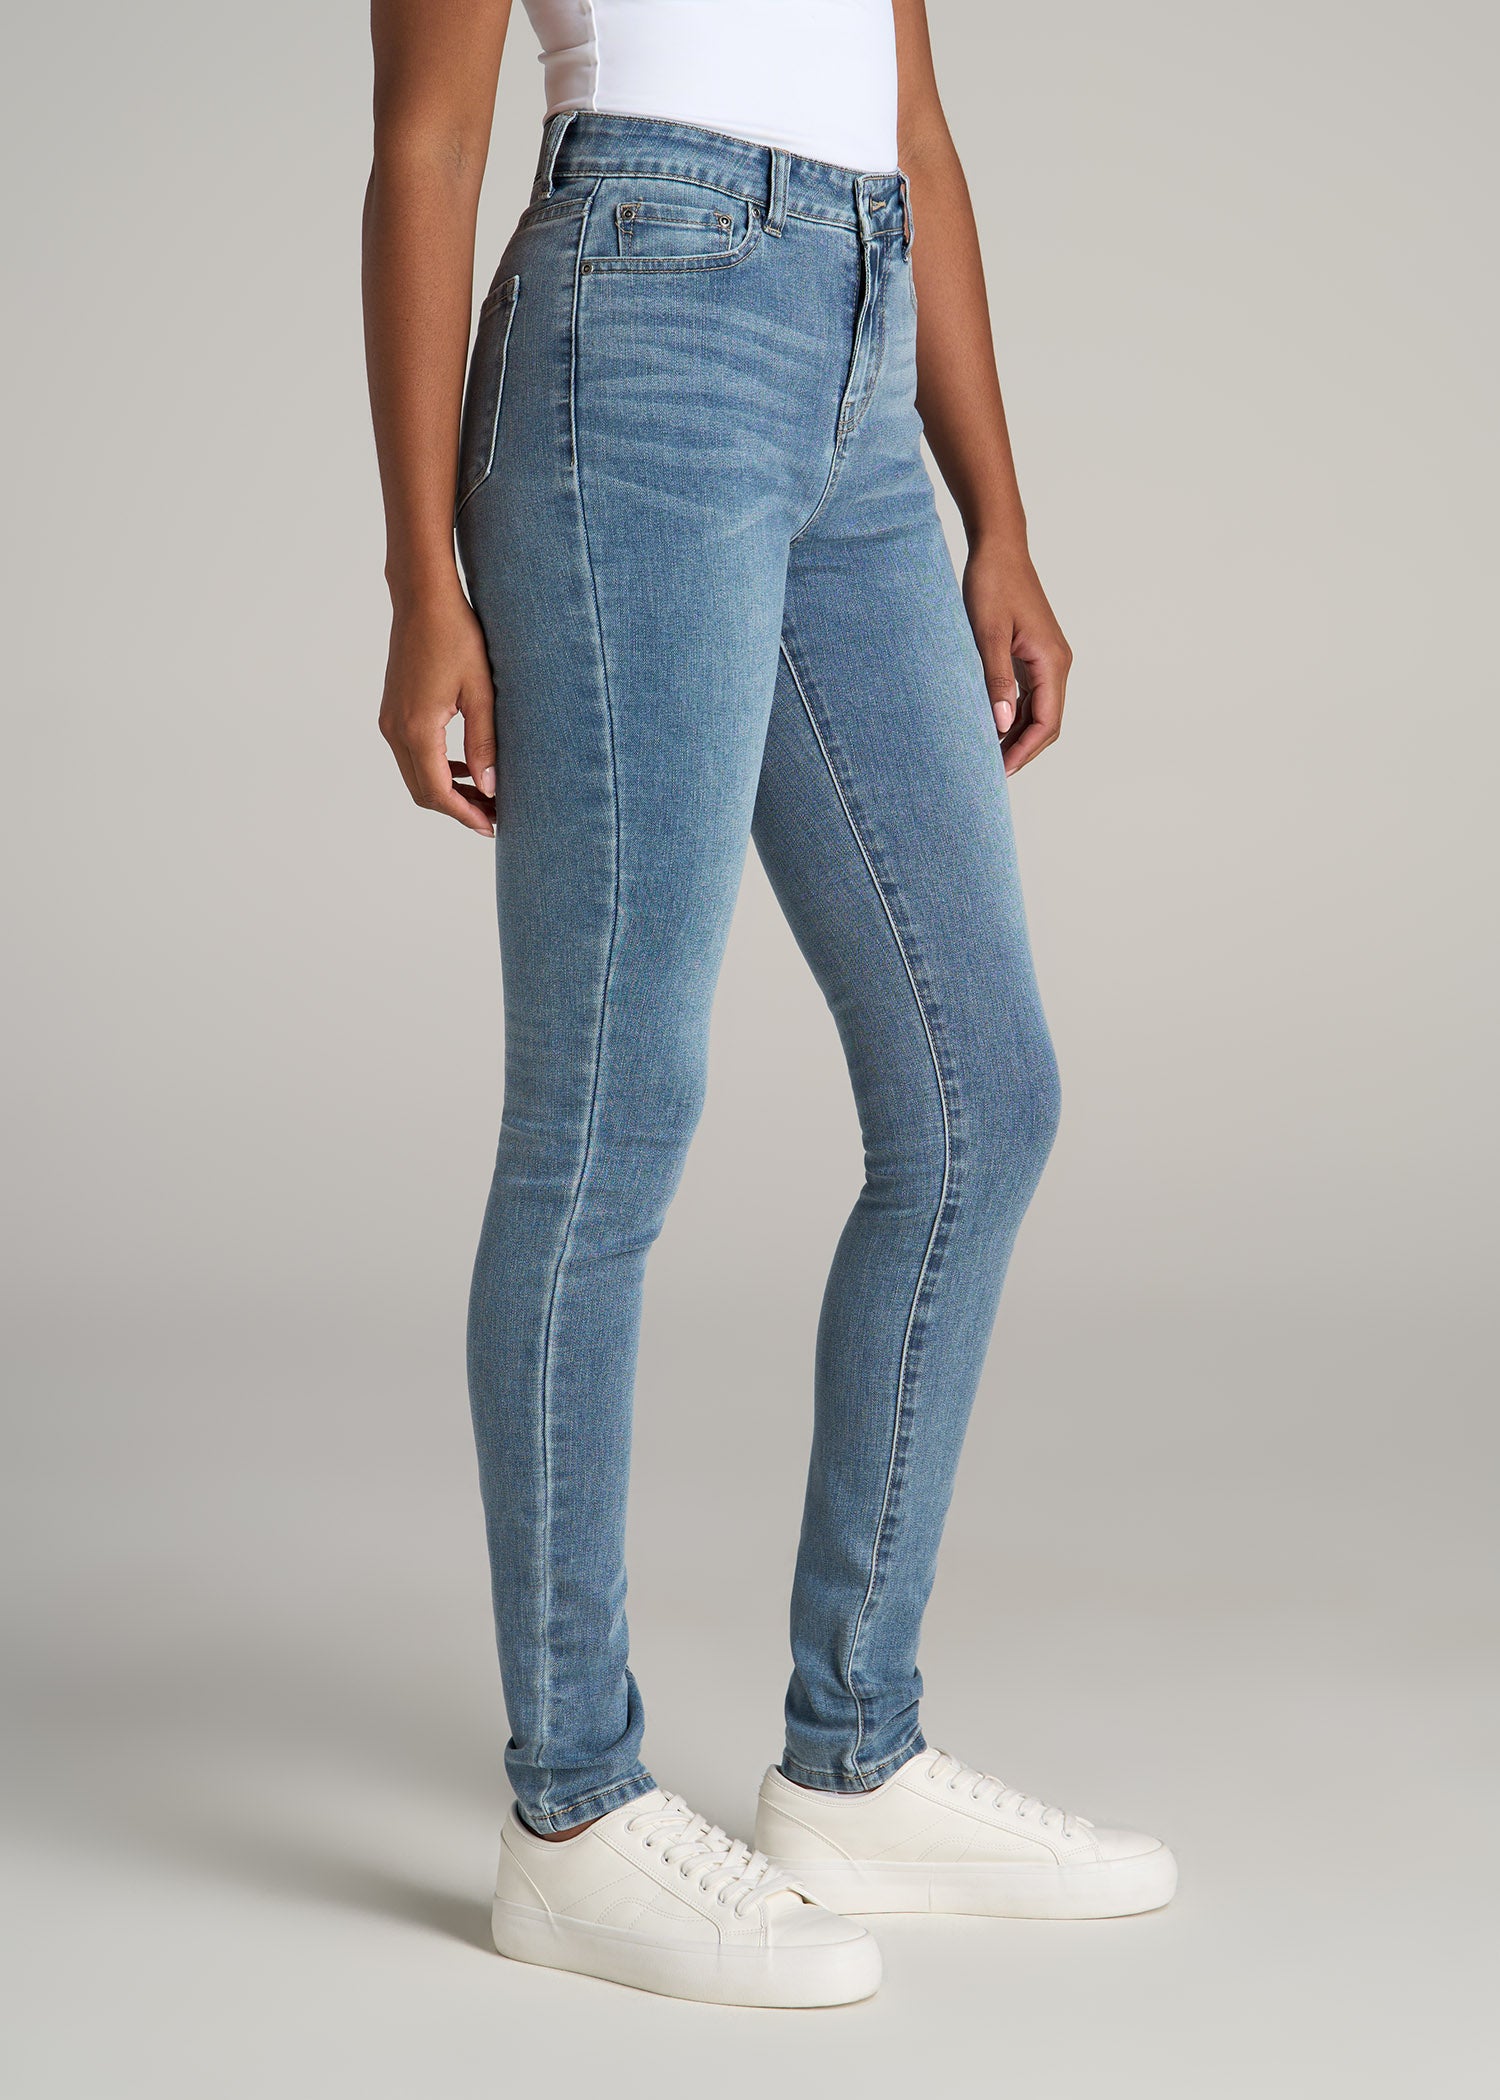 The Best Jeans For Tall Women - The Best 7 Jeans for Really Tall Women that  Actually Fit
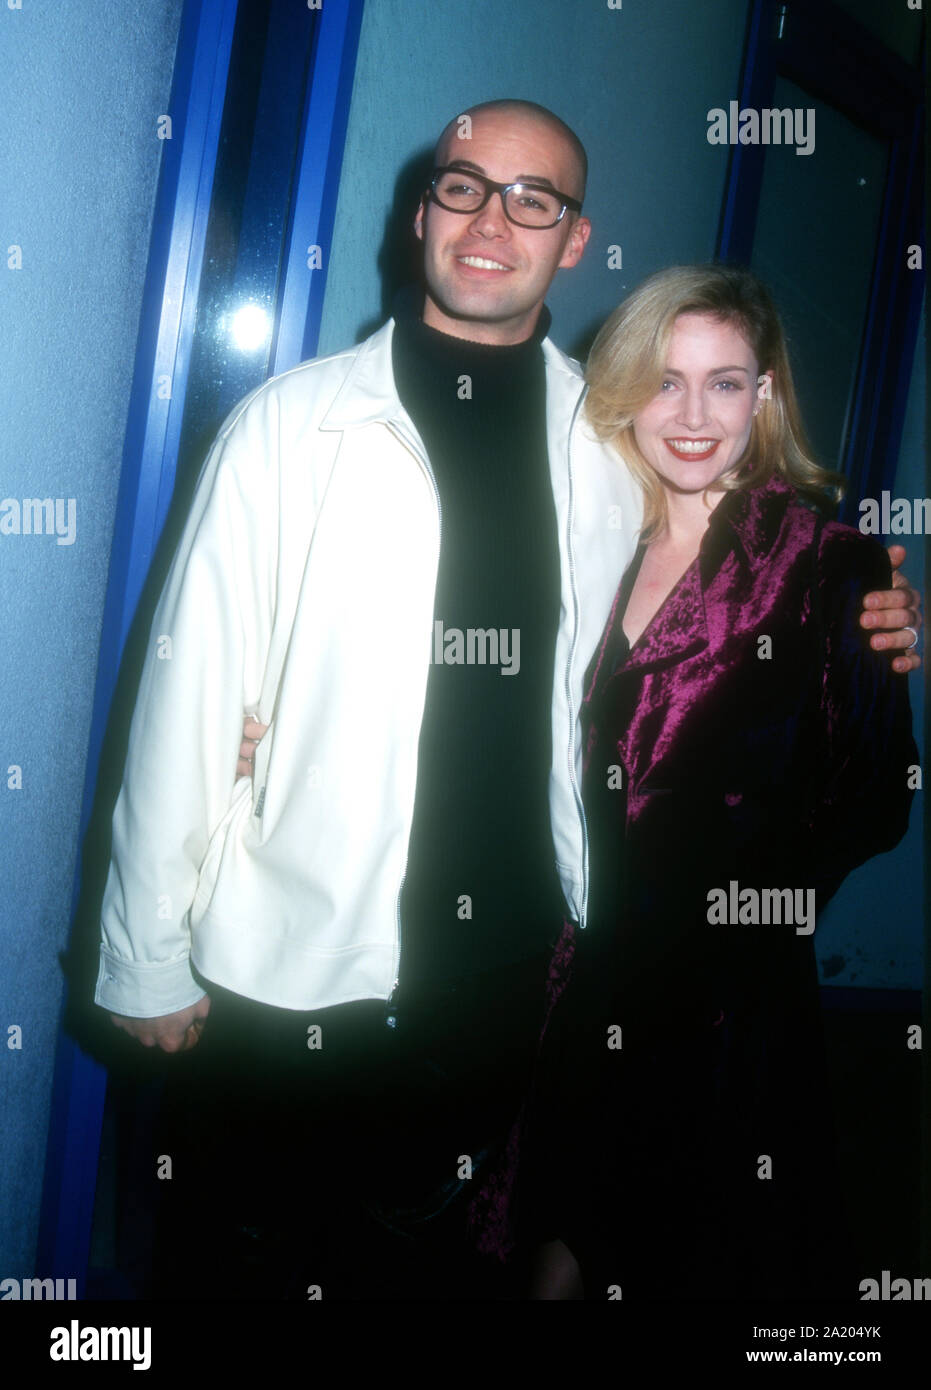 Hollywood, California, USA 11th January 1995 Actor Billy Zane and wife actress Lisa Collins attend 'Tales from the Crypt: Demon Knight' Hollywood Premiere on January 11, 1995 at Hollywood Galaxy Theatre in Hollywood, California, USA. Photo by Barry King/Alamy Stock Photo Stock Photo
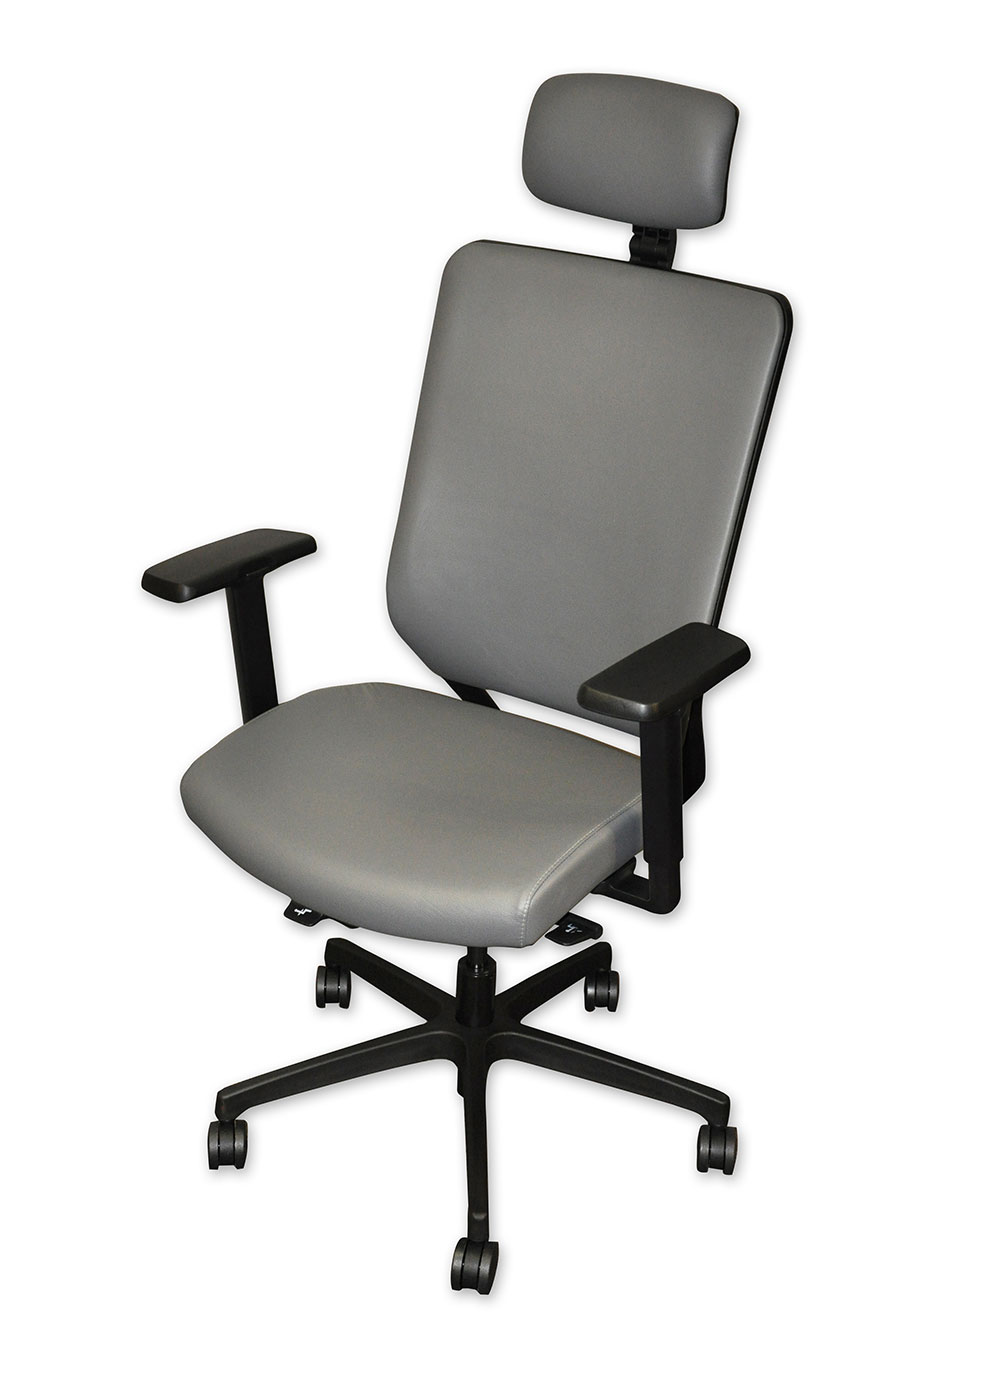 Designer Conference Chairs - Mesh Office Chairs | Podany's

** Exercise brief **
Write out the material exactly as it stands, omitting every picture.

** Solution to this exercise **
 The Best Jeans For Tall Women - The Best 7 Jeans for Really Tall Women that  Actually Fit
 Hollywood, California, USA 11th January 1995 Actor Billy Zane and wife actress Lisa Collins attend 'Tales from the Crypt: Demon Knight' Hollywood Premiere on January 11, 1995 at Hollywood Galaxy Theatre in Hollywood, California, USA. Photo by Barry King/Alamy Stock Photo Stock Photo
 Designer Conference Chairs - Mesh Office Chairs | Podany's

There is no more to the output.